El último viaje, el de la desesperación.

Así se lo habían mostrado, como jamás lo hubiera querido ver. Lo despojaron de las humildes ropas, descosidas y remendadas, que llevaba. El viaje, ese viaje absurdo que sólo podría conducirlo a la muerte, lo había dejado en condiciones terribles.

Isabel hizo salir a los niños. “Esto no es para ustedes”, dijo.

Cuando los niños se fueron alejando se puso a trabajar. Tenía que dejarlo presentable para la última ceremonia, vistiéndolo con un traje elegante, quizás el mejor traje que jamás hubiese usado. Isabel pensó que su esposo no habría estado de acuerdo. “Somos gente pobre –habría dicho— y por lo tanto, vestimos la ropa de la gente pobre.”
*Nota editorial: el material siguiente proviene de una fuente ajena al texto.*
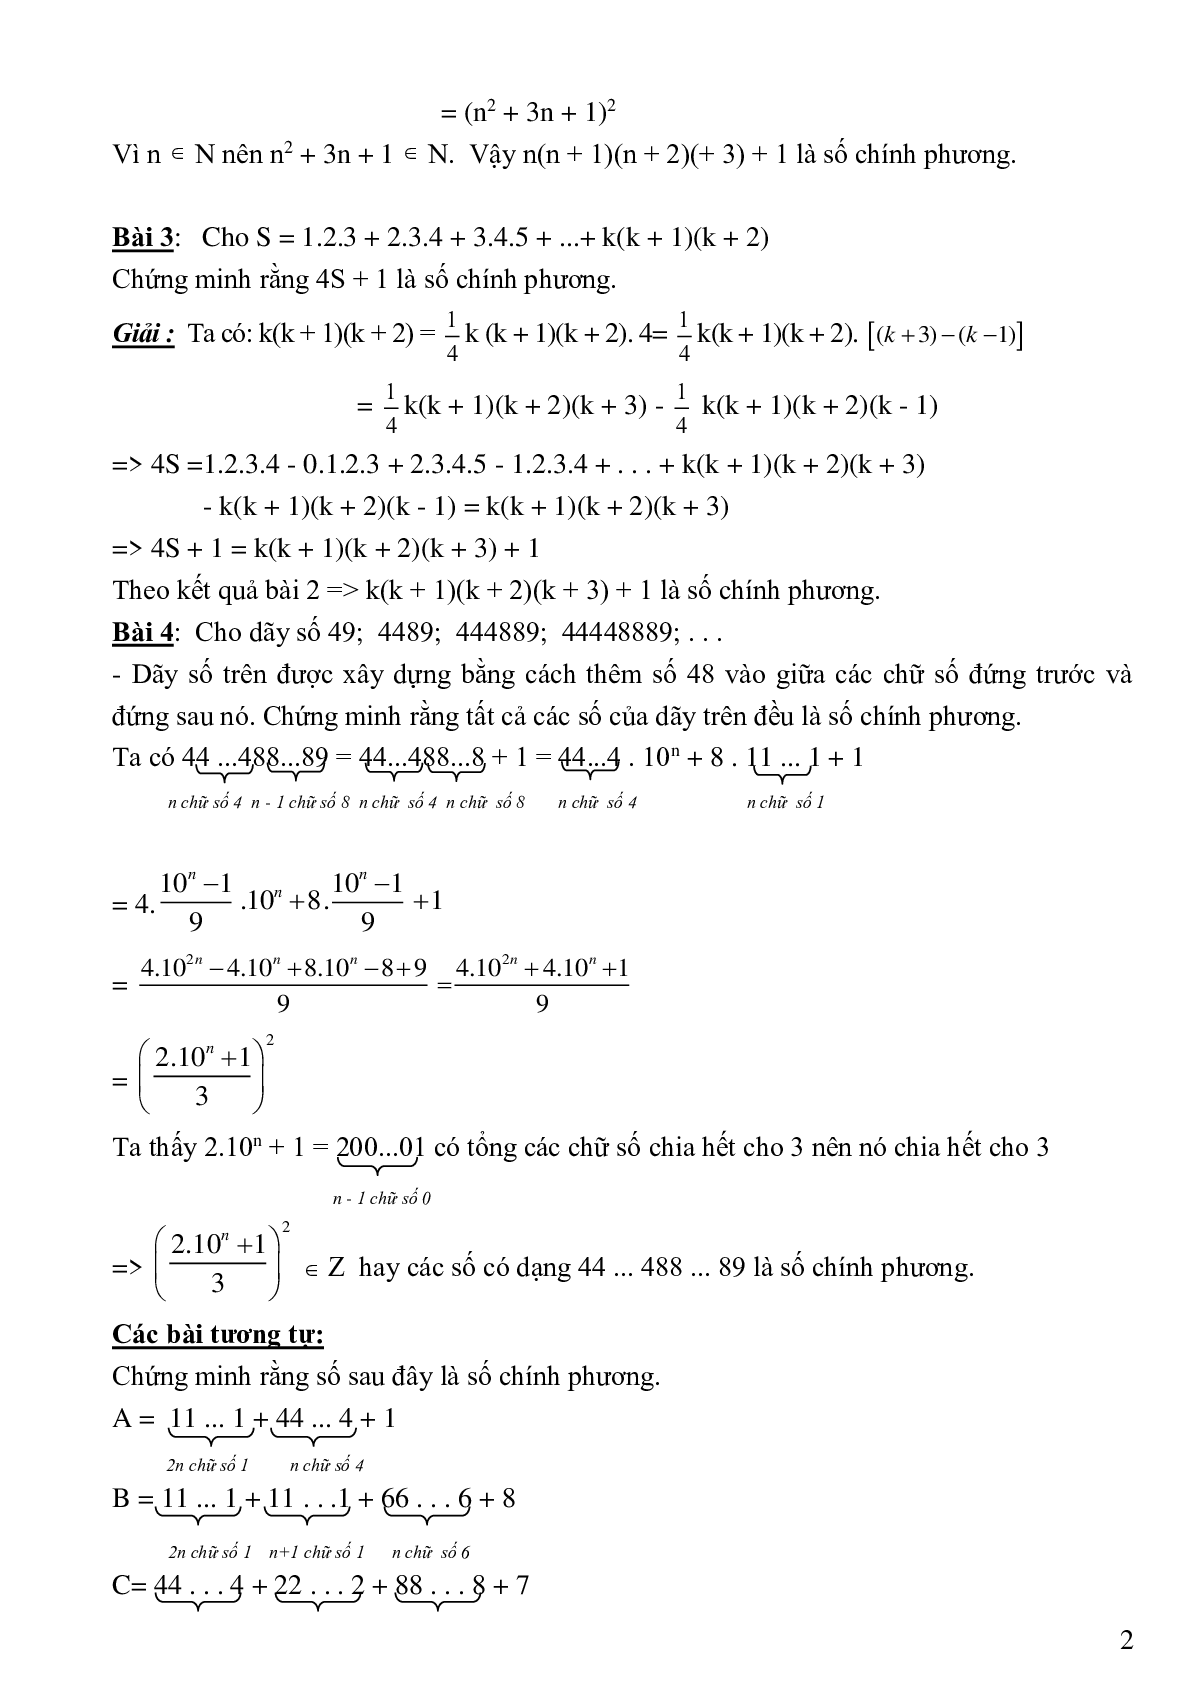 Bài tập cơ bản và nâng cao số chính phương (trang 2)

Lo recordaba con sus pantalones claros, un poco descosidos y llenos de polvo, pero también su camisa eternamente sudada, siempre para lavarse.

Tomó los pantalones y los dobló distraídamente. Ahora era el momento de tirarlos en el cesto de la basura, porque definitivamente ya habían cumplido su cometido. Fue precisamente entonces cuando vio caer del bolsillo derecho un papel amarillento. Lo recogió y leyó atentamente. Era una carta dirigida a ella, escrita en un español sencillo y correcto. Una lengua dulce y musical que no había olvidado, aunque viviera en Miami y estuviera obligada a hablar inglés.

“Querida Isabel, ¿ves qué extraña es la vida? Si lees estas palabras quiere decir que no lo habré logrado y quizá haya sido mejor así, porque me hubiera costado mucho decirte que tenías razón. Las ideas en que creía murieron hace ya mucho tiempo y probablemente es mejor que me vaya con ellas. No habría tenido la fuerza para sobrevivir a mí mismo. Cuidas de los muchachos. Siempre has sido una buena madre.”

Isabel apretó el papel entre las manos, tenía muchas ganas de llorar pero Raúl no habría querido que ninguno llorara por él. Testarudo hasta el tuétano, había escogido la forma más absurda de escapar, porque en realidad lo único que buscaba era la muerte.

Isabel tiró la carta. No diría jamás a nadie de su existencia, ni siquiera a sus hijos. Ella y Raúl se encontraban de nuevo juntos, a pesar de todo y después de tanto tiempo tenían todavía un secreto en común que conservarían celosamente entre los pliegues de la memoria.